Operations Management

Operations Management

  • Submitted By: Nayiii
  • Date Submitted: 01/23/2014 10:34 PM
  • Category: Business
  • Words: 3864
  • Page: 16
  • Views: 84

Trace and illustrate the changing role of the computer in Operations management.

According to Cosh et-al (1993), Operations management (OM) is the management of systems or process that covert or transforms resources into goods and services. In other words it's responsible for managing the core processes used to manufacture any goods and services. This process carefully focuses on managing an expansion to produce and distribute products and services. Operations Management is very important to any business because it simply deals with the design and management of products, supply chains, processes, and services that it provides. It consults the development, acquisition, and utilization of resources that firms need in order to deliver the goods and services that clients request. Eventually, the nature of how operations management is carried out in an organization depends very much on the nature of products or services in which the organization is all about, for example, retail, manufacturing, wholesale, etc.

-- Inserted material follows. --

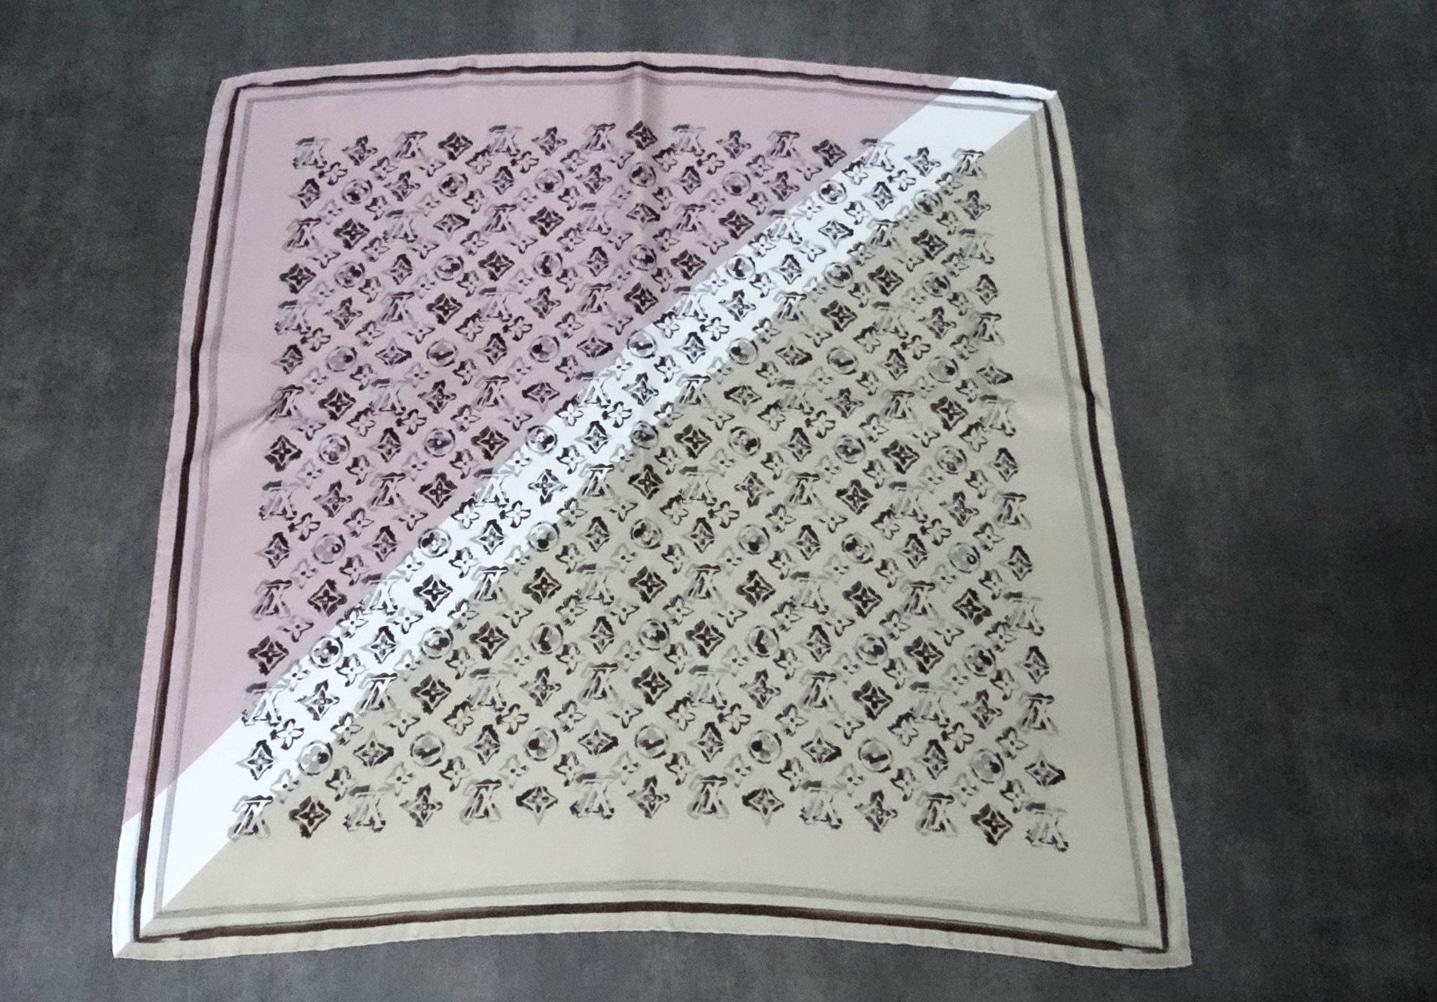 pas cher nouvelles photos en présentant Carré de soie Neuf Louis Vuitton

In 1613, the word computer was first recorded being used to refer to a person who could carry out calculations, around the end of the 19th century did the word computer begin to take a more familiar meaning of describing a machine that could carry out calculations and computations. The idea of a machine that would make man’s calculations easier, faster, and more accurate is no new notion. The Abacus, “Napier’s rods”, the “Calculating Clock”, and the “Stepped Reckoner” are a few examples of early computer ideas .In the more recent history of the computer, we can see how computers have dwarfed from clunky, million-dollar machines into the compact and convenient parts of our everyday lives.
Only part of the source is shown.